Your answer must be an exact copy of the listing, with the images left out.

*Information provided*
···
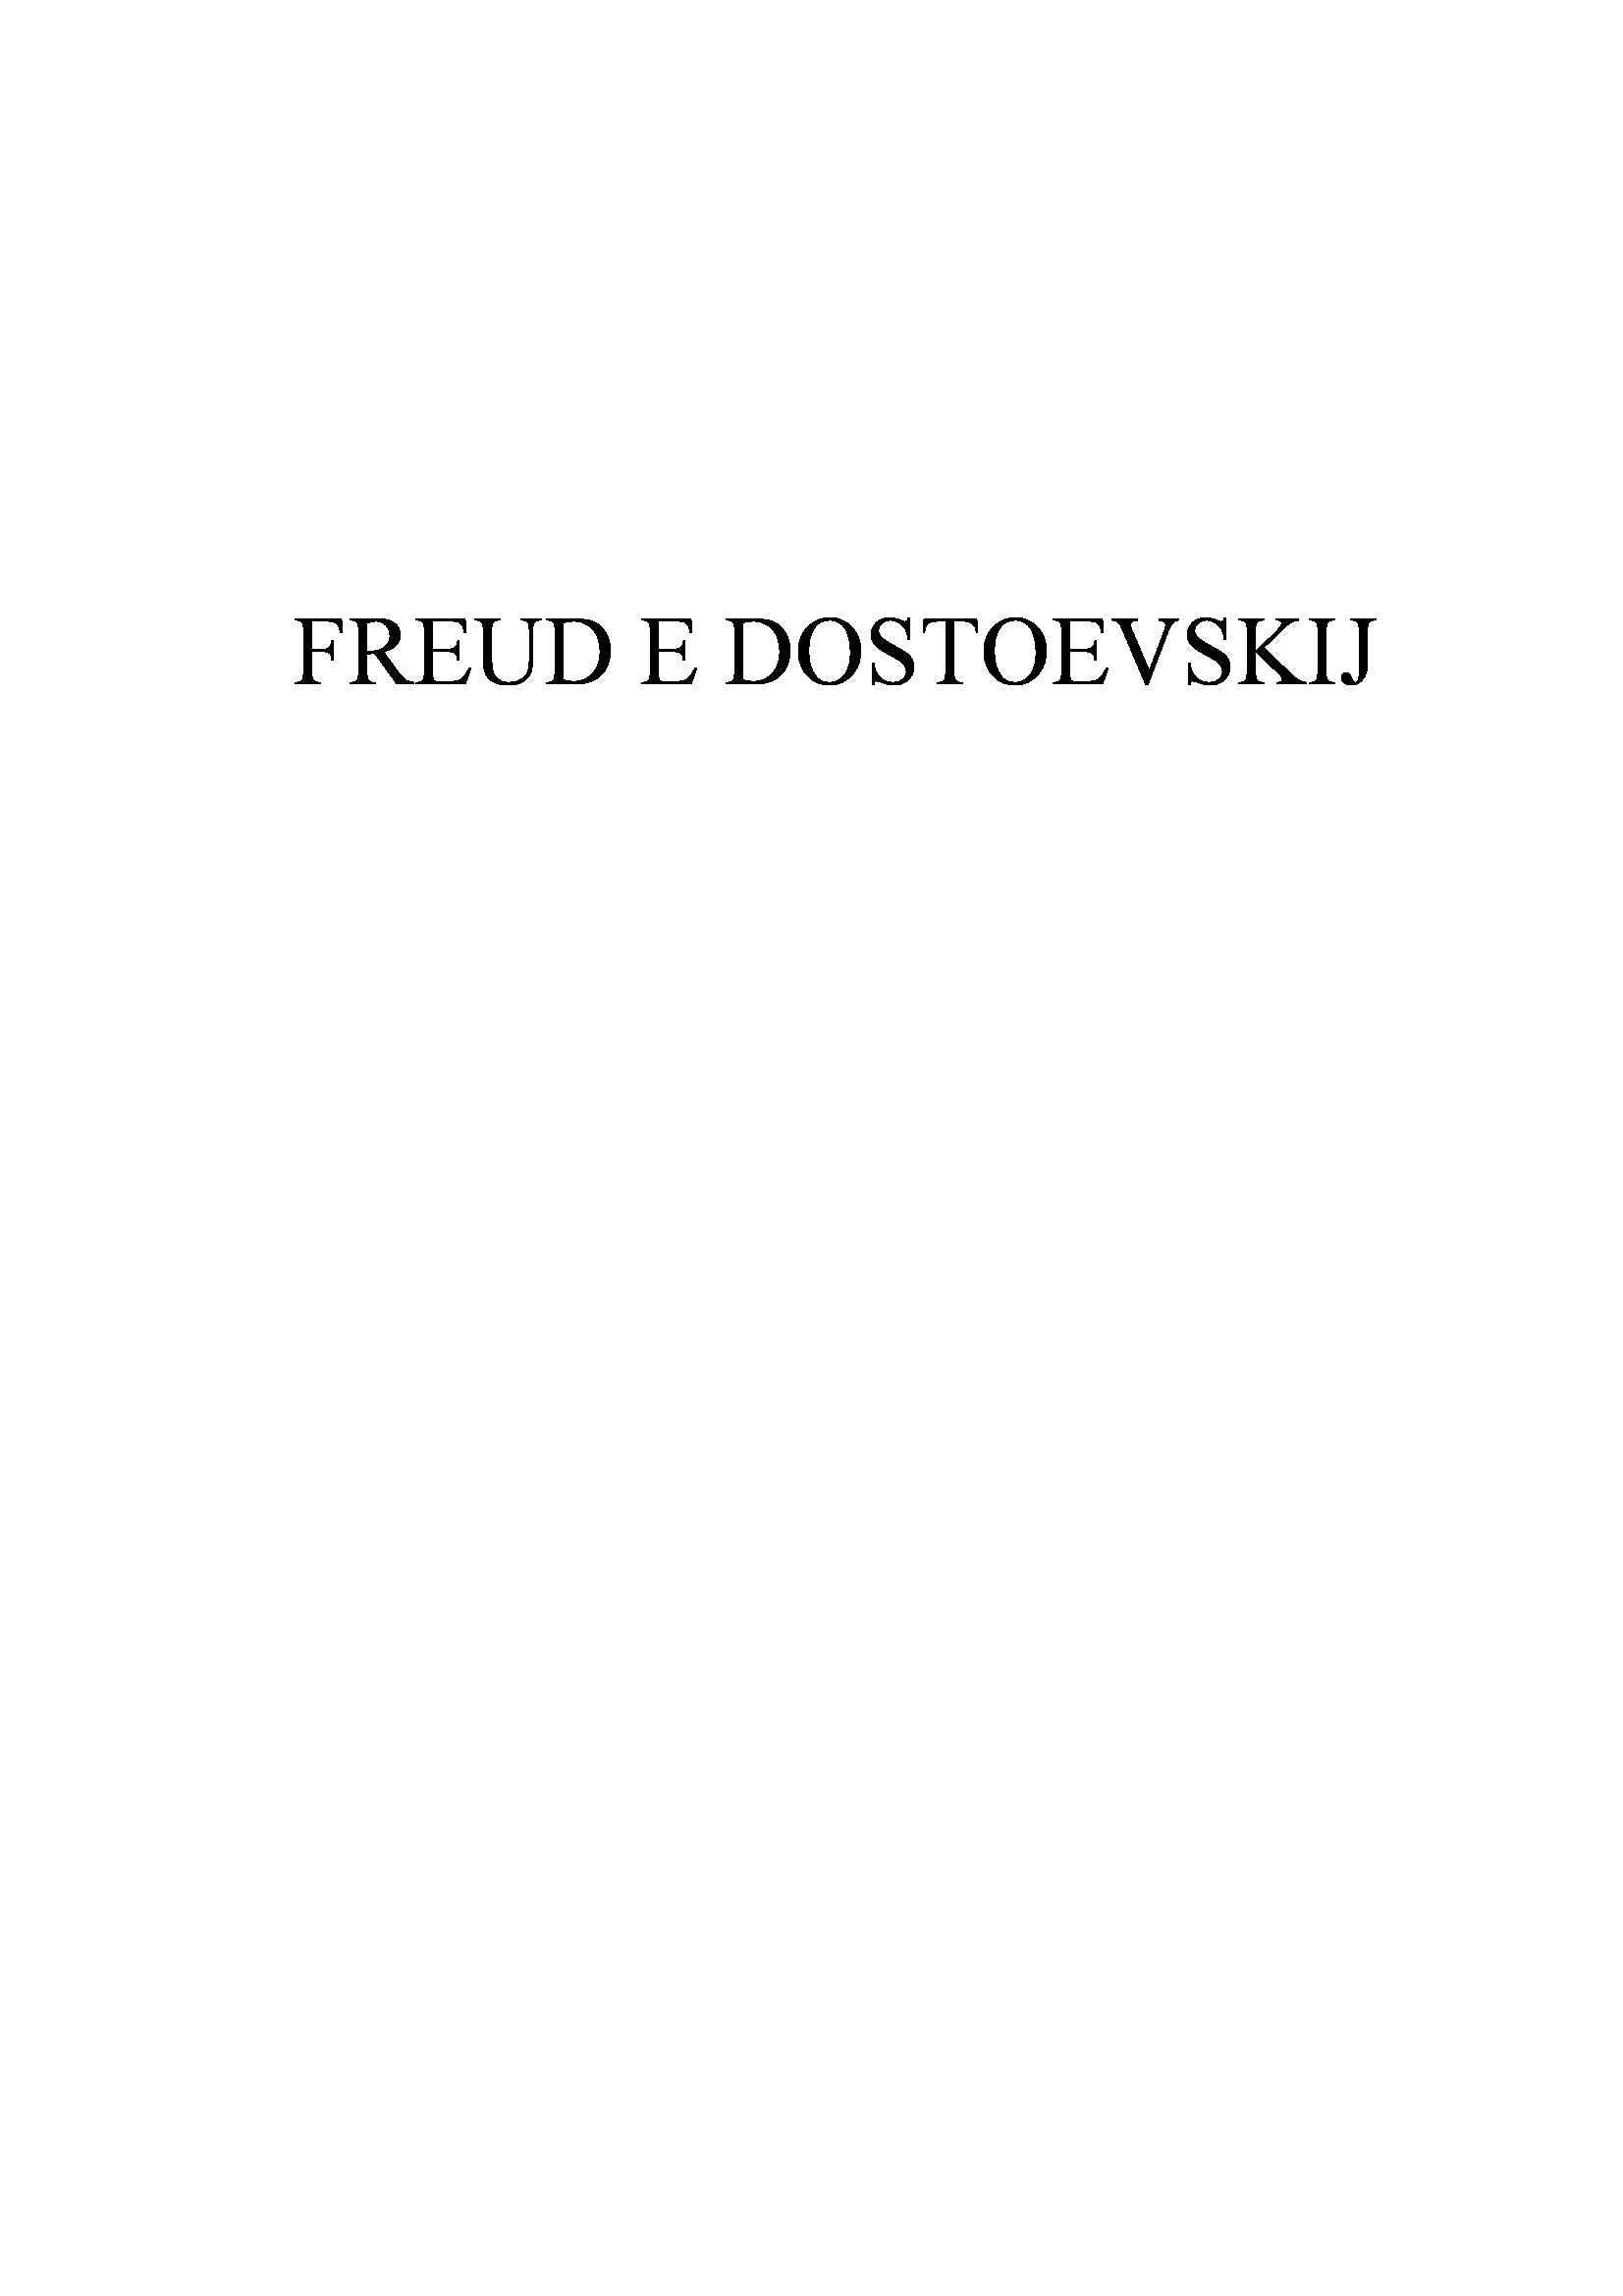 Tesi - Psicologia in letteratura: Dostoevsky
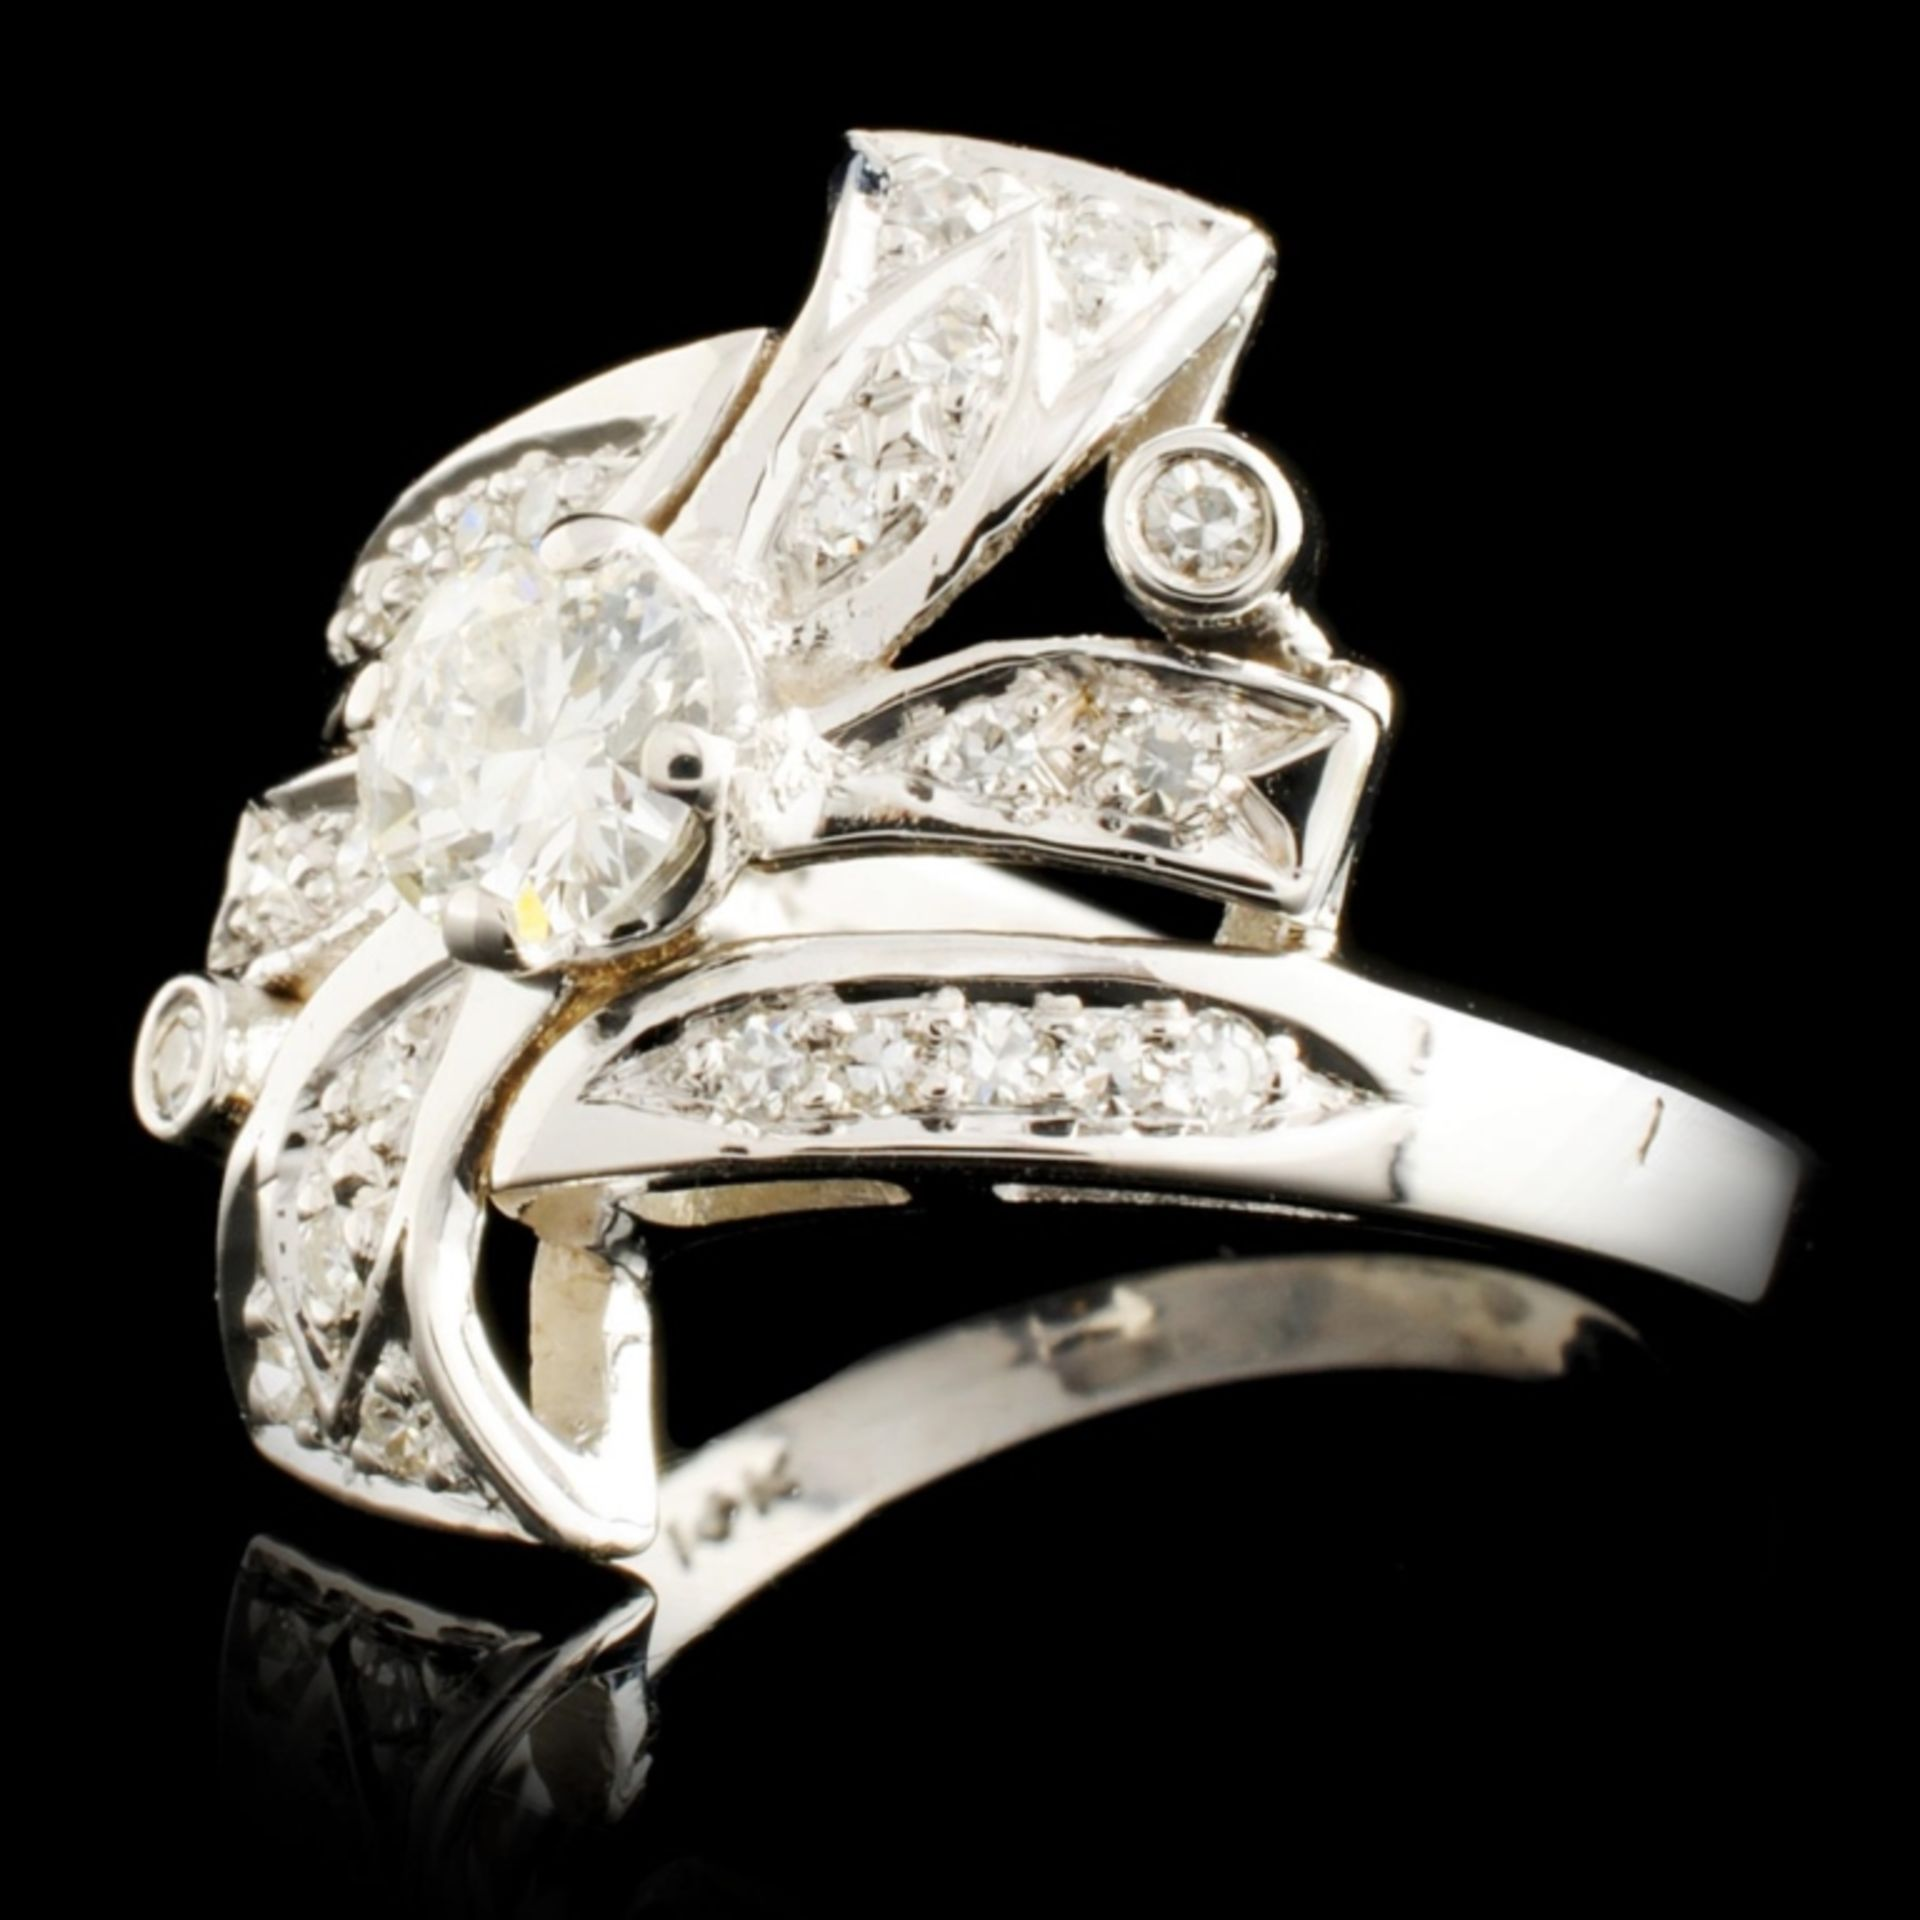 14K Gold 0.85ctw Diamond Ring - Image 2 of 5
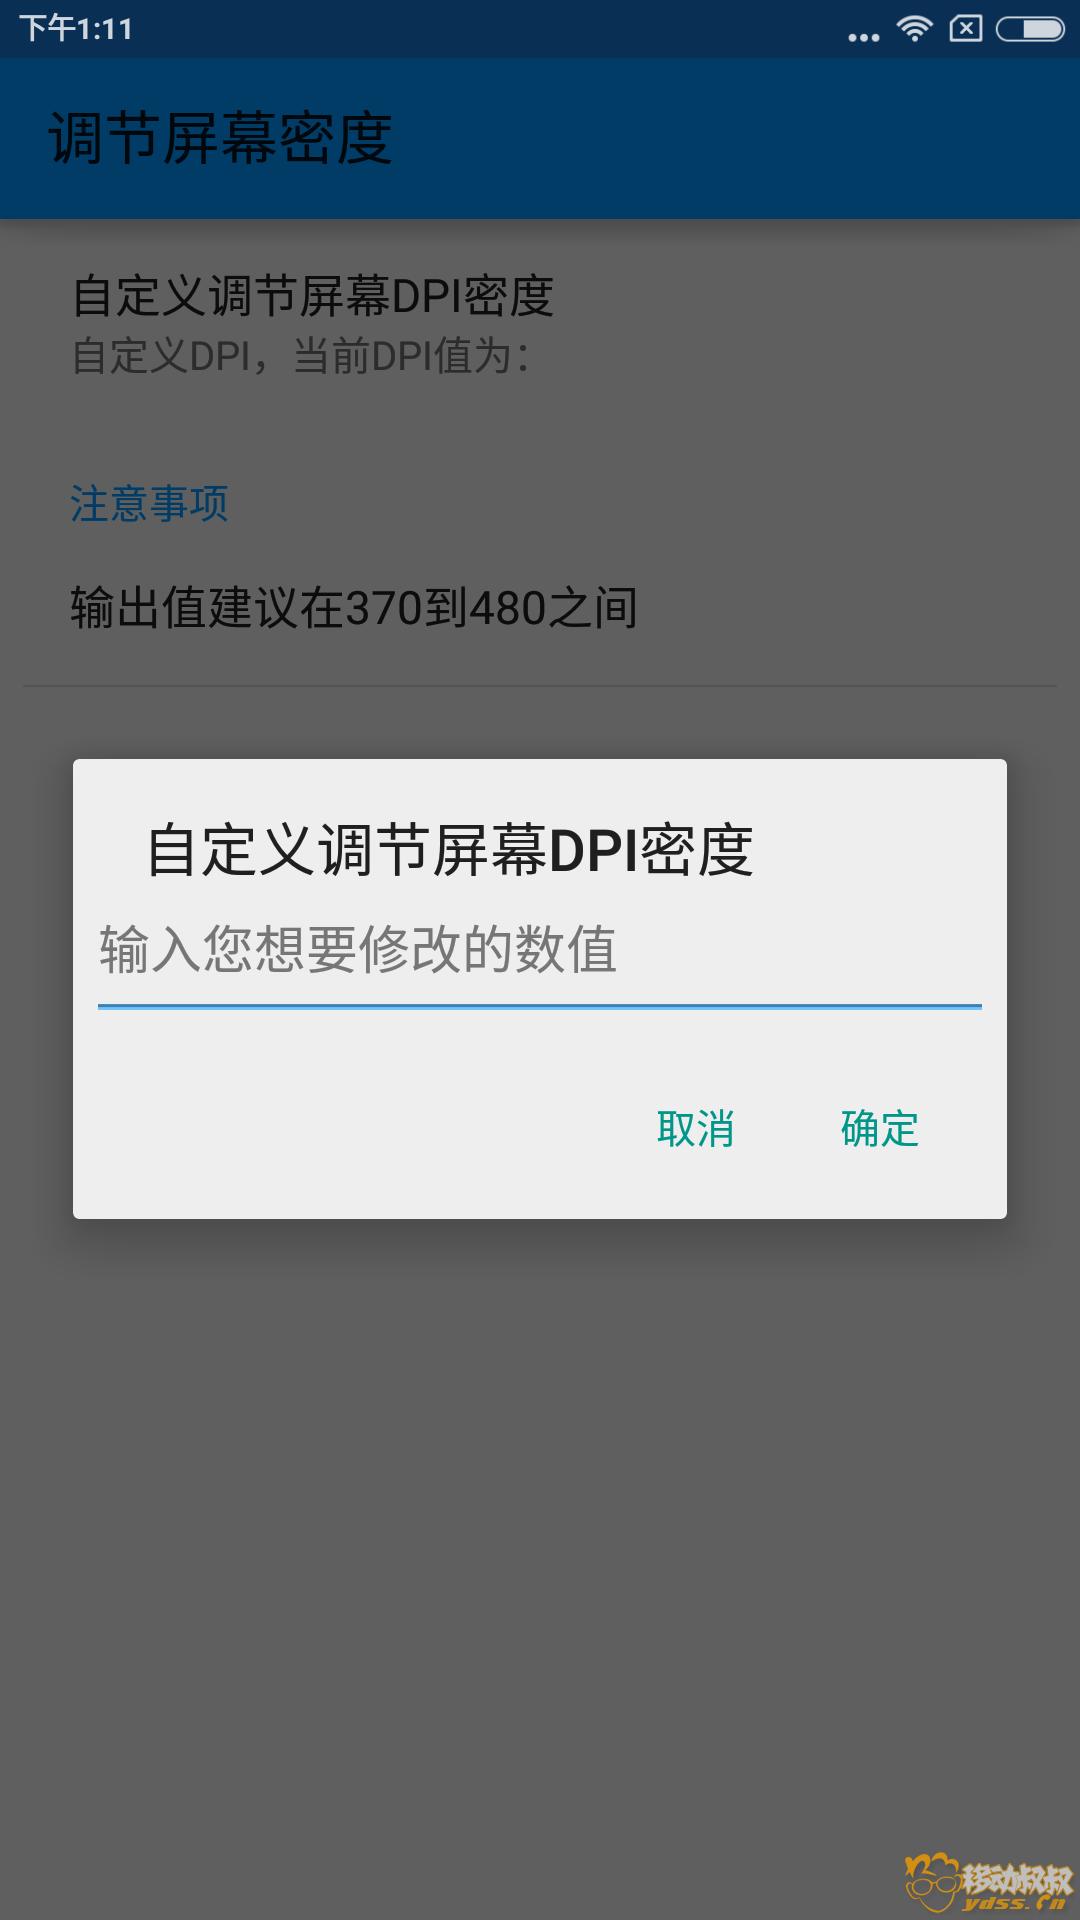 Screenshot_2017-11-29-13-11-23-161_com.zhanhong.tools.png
···
*Solution*
 Tesi - Psicologia in letteratura: Dostoevsky
 14K Gold 0.85ctw Diamond Ring - Image 2 of 5
 Screenshot_2017-11-29-13-11-23-161_com.zhanhong.tools.png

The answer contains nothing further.